Little endian Vs Big endian

Question

Lets say I have 4Byte integer and I want to cast it to 2Byte short integer. Am I right that in both (little and big endian) short integer will consist of 2 least significant bytes of this 4Byte integer?

Second question:
What will be the result of such code in little endian and big endian processor?

int i = some_number;  
short s = *(short*)&i;

IMHO in big endian processor 2 most significant bytes would be copied, and in little endian 2 least significant bytes would be copied.

Answer 1

Am I right that in both short integer will consist of 2 least significant bytes of this 4Byte integer?

Yes, by definition.

The difference between bigE and littleE is whether the least significant byte is at the lowest address or not. On a little endian processor, the lowest addresses are the least significant bits, x86 does it this way.
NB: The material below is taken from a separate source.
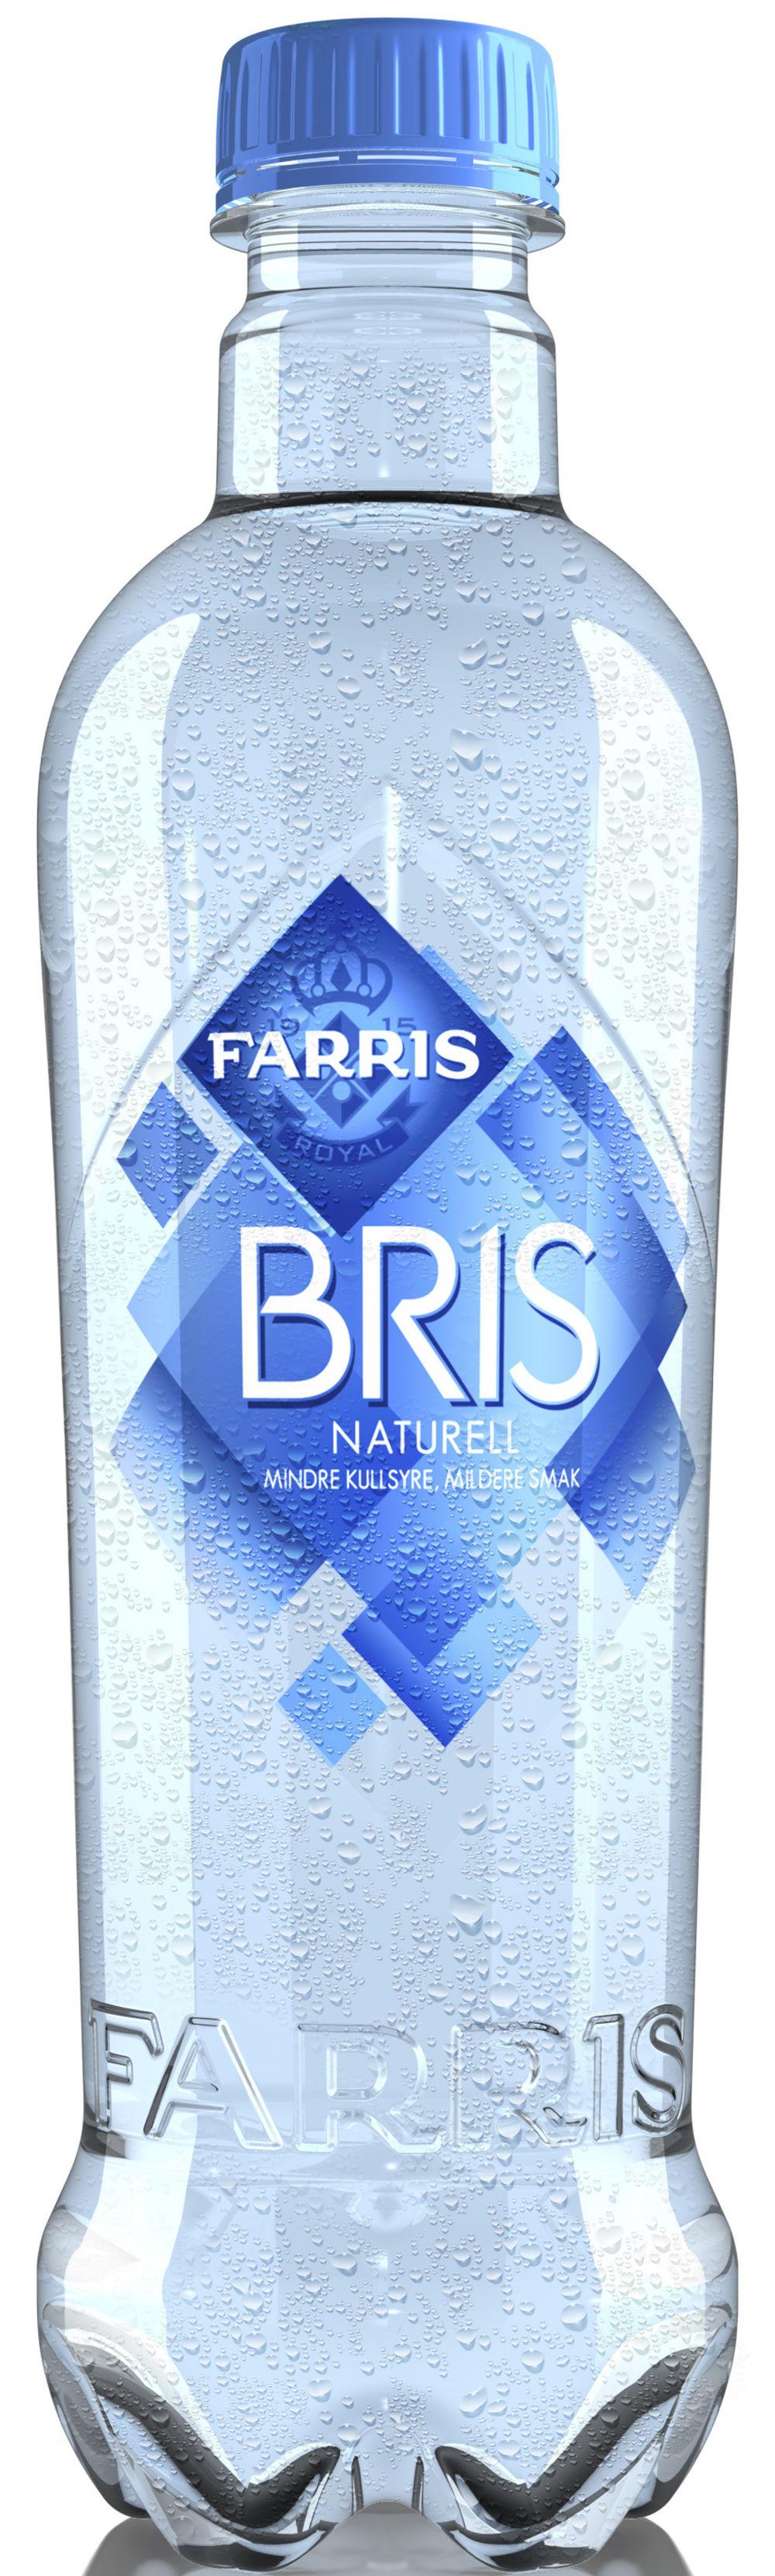 Farris Bris Naturell 0,5 l - inkl. pant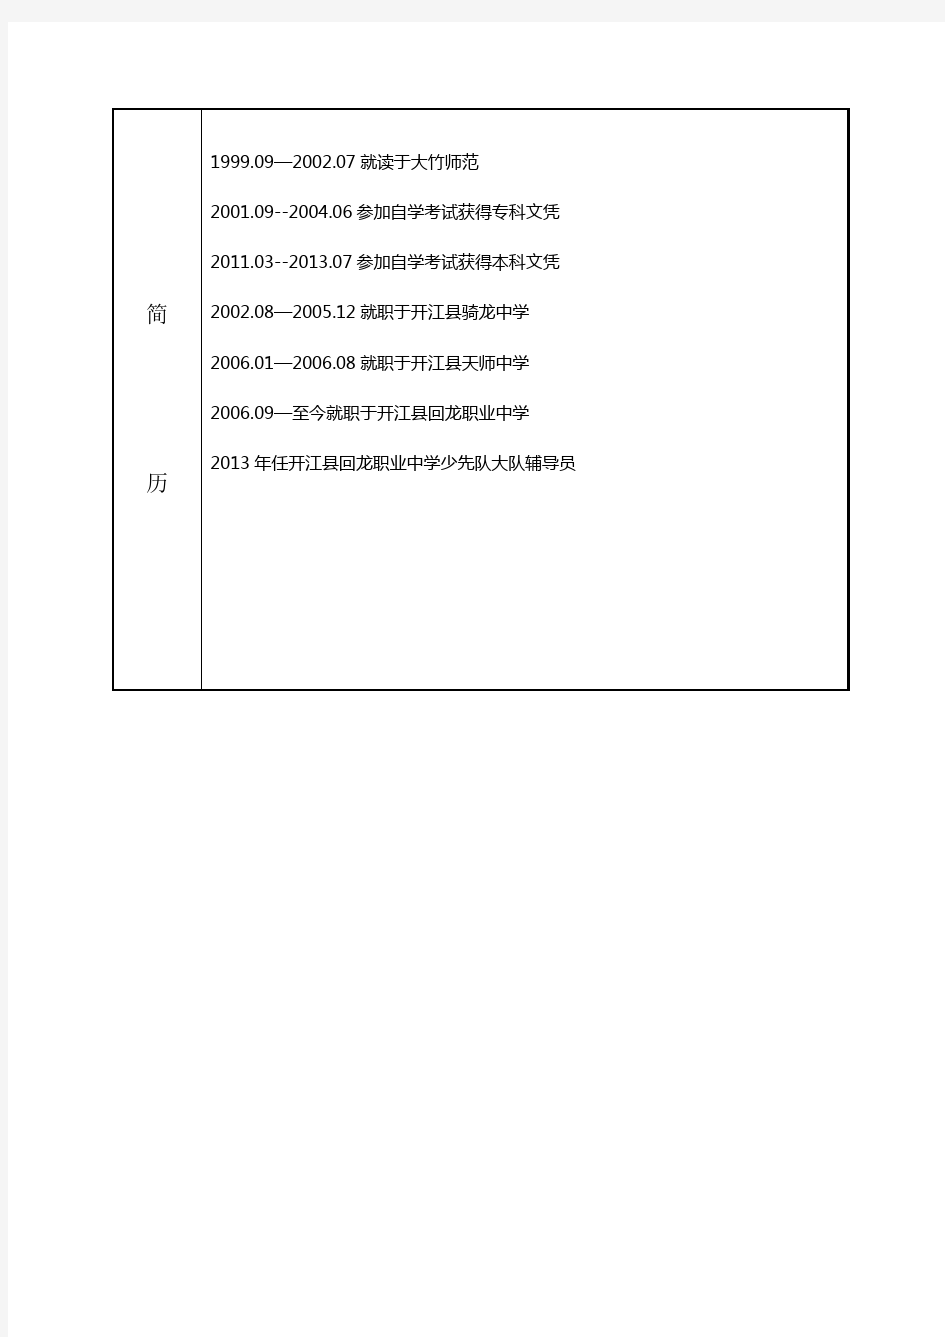 全国干部人事档案专项审核专用表(张永惠)

These give the same result on little E.

short s = (short)i;
short s = *(short*)&i;

On a big endian processor, the highest addresses are the least significant bits, 68000 and Power PC do it this way (actually Power PC can be both, but PPC machines from Apple use bigE)

These give the same result on big E.

short s = (short)i;
short s = ((short*)&i)[1]; // (assuming i is 4 byte int)

So, as you can see, little endian allows you to get at the least significant bits of an operand without knowning how big it is. little E has advantages for preserving backward compatibility.

So what's the advantage of big endian? It creates hex dumps that are easier to read.

Really, the engineers at Motorola thought that easing the burden of reading hex dumps was more important than backward compatibility. The engineers at Intel believed the opposite.

Answer 2

1. Yes. When you convert values, you don't have to worry about endianness.

2. Yes. When you convert pointers, you do.